Так вот там, где эта сторона леса заканчивалась, начиналась низинка, и в ней, низинке, как завершение городка, снова появлялись разноцветные, в основном желтые и зеленые, домики – маленькие деревянные домики, скромно украшенные незамысловатой резьбой оконных наличников, коньков крыш и перил миниатюрных веранд, и утопавшие в небольших садочках и огородиках. Вправо от пригорка, и несколько вниз, уходила грунтовая неширокая дорога – к реке.
Сколько помнил он, здесь родившийся, именно в этом месте, на пригорке, лес всегда и прерывался, как будто специально для того, чтобы, обойдя этот небольшой «жилой массив», снова сомкнуться, по другую уже его сторону, со своим продолжением, простиравшимся далее, вглубь и вширь, вдоль берега реки и – дальше, дальше… как ни в чем ни бывало, словно и не врезался в него в этом месте «жилой комплекс». Лес был густой и сильный, ароматный.

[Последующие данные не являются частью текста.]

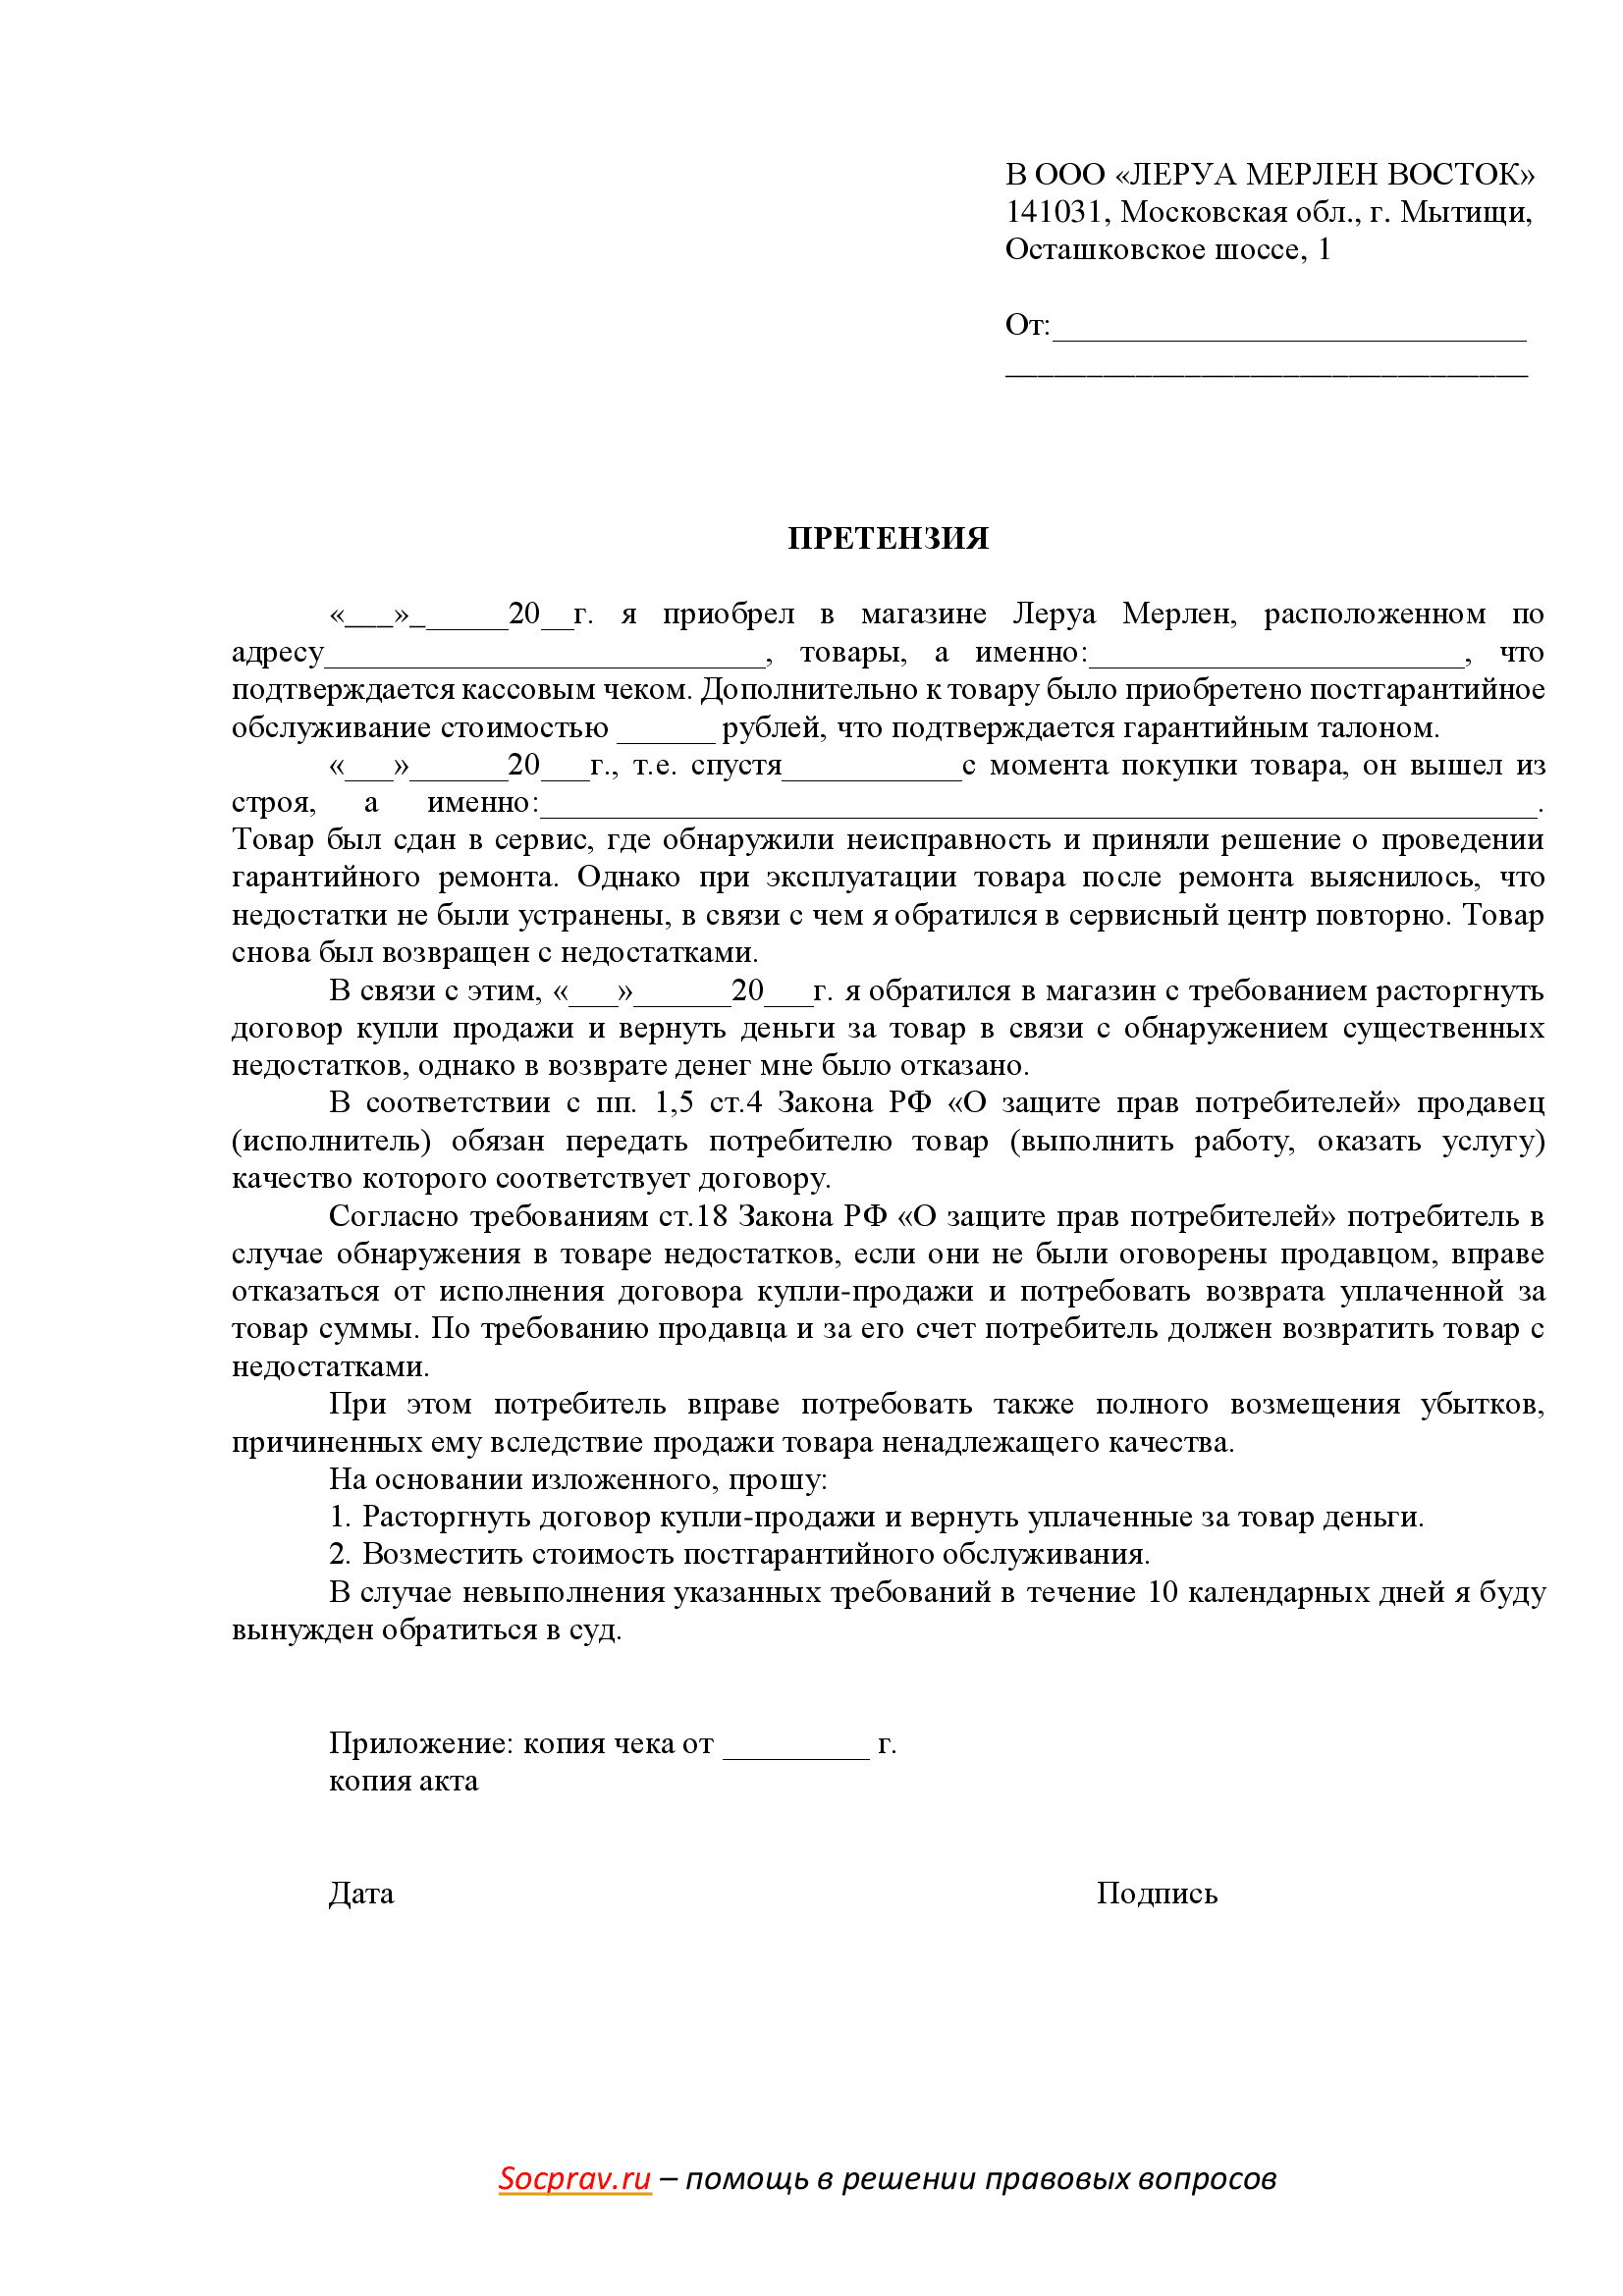 Претензия в Леруа Мерлен

Сосны, по крутому высокому берегу реки, стояли величавые, возвышаясь кронами, и, демонстрируя свои мощные корни над песчаными обрывами – здесь был сплошной песчаник. Потому и – «Пески». Впрочем, песчаник здесь, в этом месте Земли, где стоял его городок, был повсюду, оттого и лес здесь был такой духмяный, чистый. Но вот именно этот кусочек пространства люди, захотевшие поселиться здесь, назвали «Пески». Ну, да ладно… О чем же он?.. Да, он сидел сейчас неподалеку от своего дома… того места, где тот раньше был.
Мысли тревожно вскинулись, но старик постарался не поддаться этому чувству. Перед его глазами, как будто он увидел это прямо сейчас и словно не прошло уже больше тридцати лет с тех пор, встала картина уничтожения… его дома…

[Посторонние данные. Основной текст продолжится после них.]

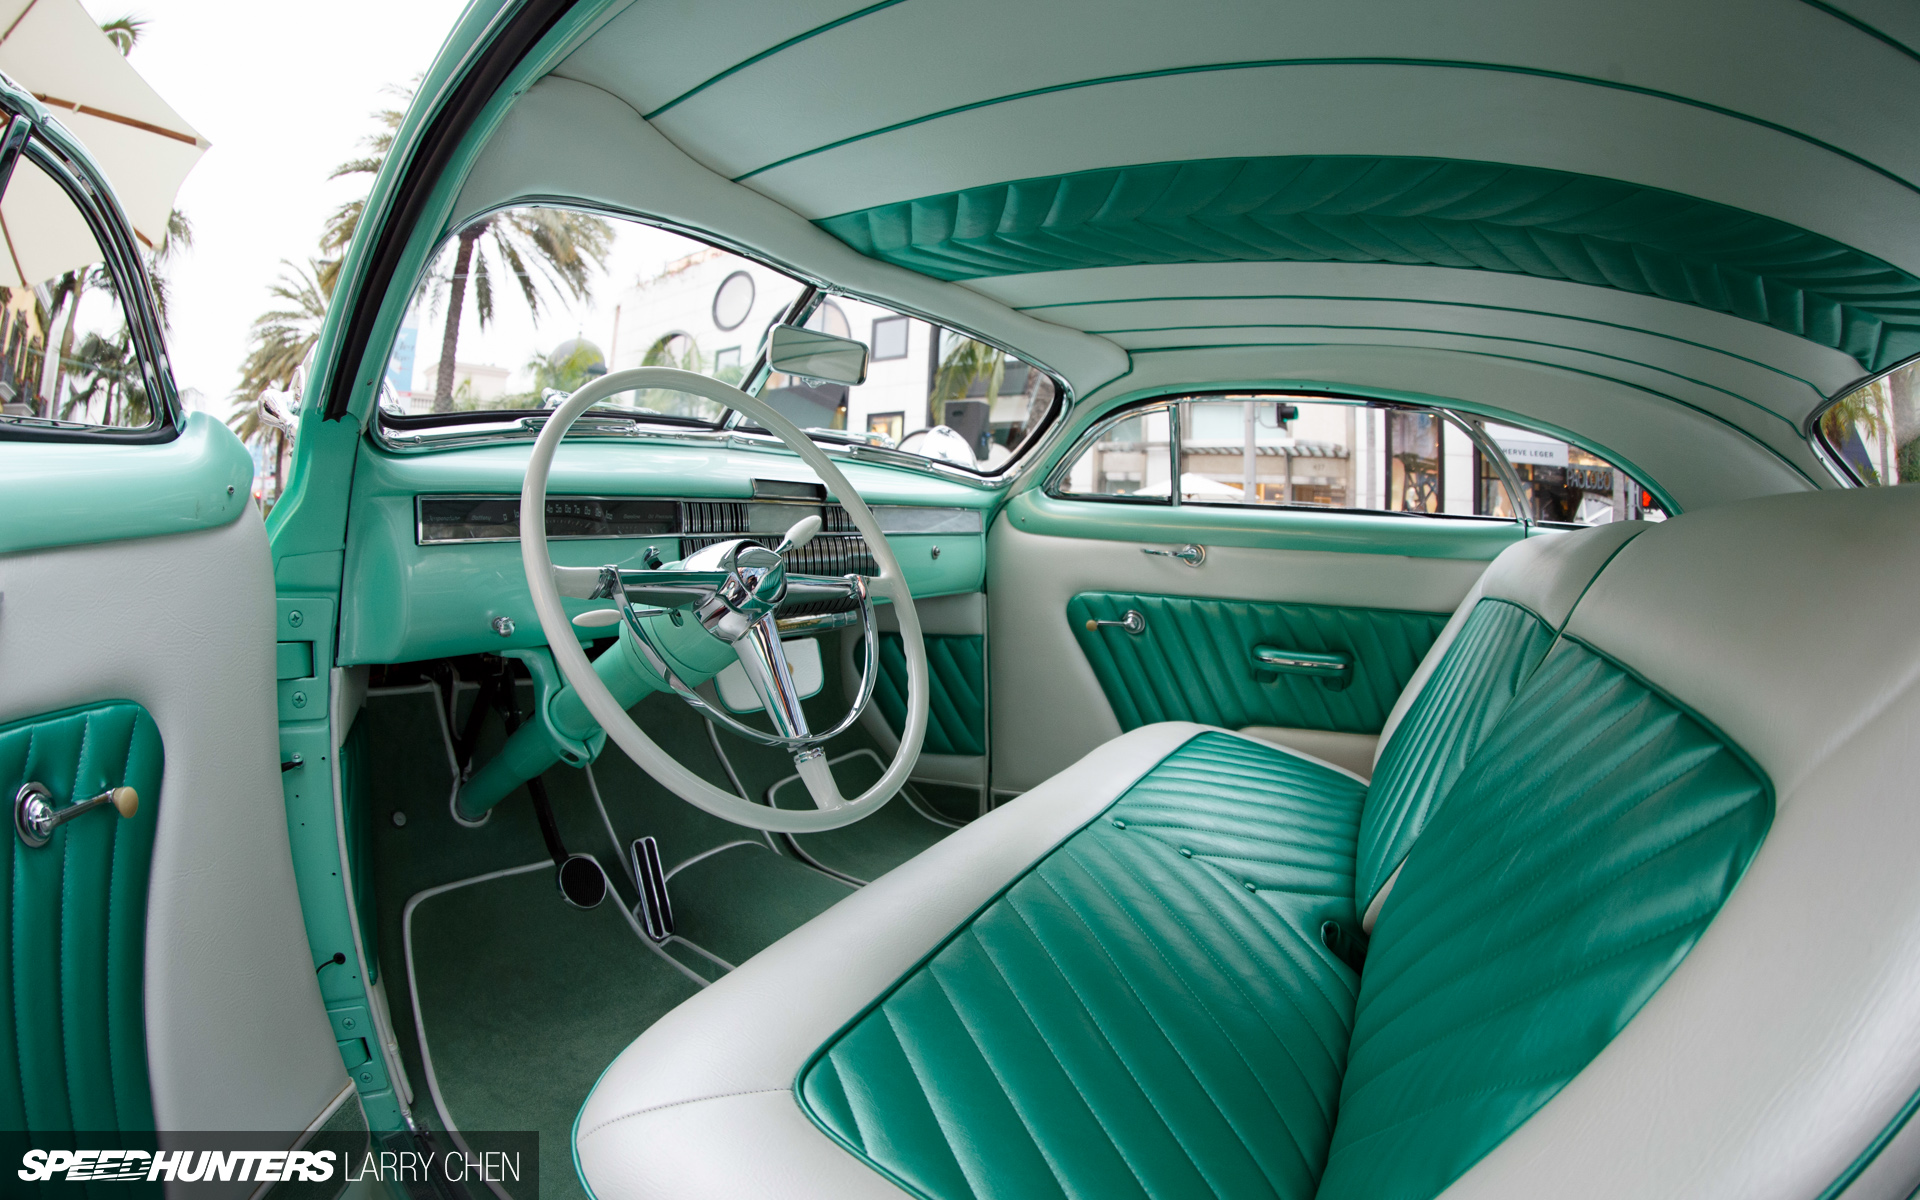 1940 series 62 cadillac lowrider custom retro interior f wallpaper 1920x1200 188306. Black Bedroom Furniture Sets. Home Design Ideas

Это произошло десять лет спустя, после того, как ему и его матери выделили двухкомнатную квартиру в новостройках. Тогда расстраивалась только одна часть городка – находившаяся на прямо противоположной стороне от «Песков», по диагонали от них, почти в часе ходьбы. Чтобы попасть в новую часть городка, надо было пересечь довольно большой лесной массив, а проще говоря – тоже пройти через лес. Новые дома возникали там как грибы, одинаковые, серокаменные, безликие; стояли, тесно прижавшись друг к другу, и создавали ощущение… тесноты. Да, именно тесноты. И люди, переселенные сюда из собственных домиков, и привыкшие жить в своих домах, на земле, пусть и без удобств, но имевшие каждый свою индивидуальность и манеру жить, отделенные от домика соседа садиком и небольшим цветничком, сразу почувствовали себя как пчелы, собранные в один улей, а некоторым, всю жизнь не поднимавшимся у себя в домике выше его трех-пяти деревянных ступенек, никак вначале было не привыкнуть смотреть на землю со второго, третьего, а то и – пятого этажа.
Ему с матерью в этом смысле повезло – им дали квартиру на первом…
Снова мысли метнулись, и он увидел себя, тогда уже пожилого мужчину, стоящим на том самом невысоком пригорке, которым заканчивался лес напротив его дома. Гудел натужно трактор, ровняя землю… До сих пор он не мог спокойно вспоминать это… то, что увидел тогда – их домик исчез. Домика, их с матерью домика, где он родился, где прошло его детство, когда с ними еще был его отец, юность, часть молодости – не было уже, его сравняли с землей, и трактор теперь монотонно и равномерно зачищал и выравнивал песчаную поверхность: там, где стоял их дом и рос их садик и огород, не осталось ничего, ни палочки, ни бревнышка – на его месте было голое, совсем голое пространство! …которое сейчас у него на глазах «утюжил» трактор.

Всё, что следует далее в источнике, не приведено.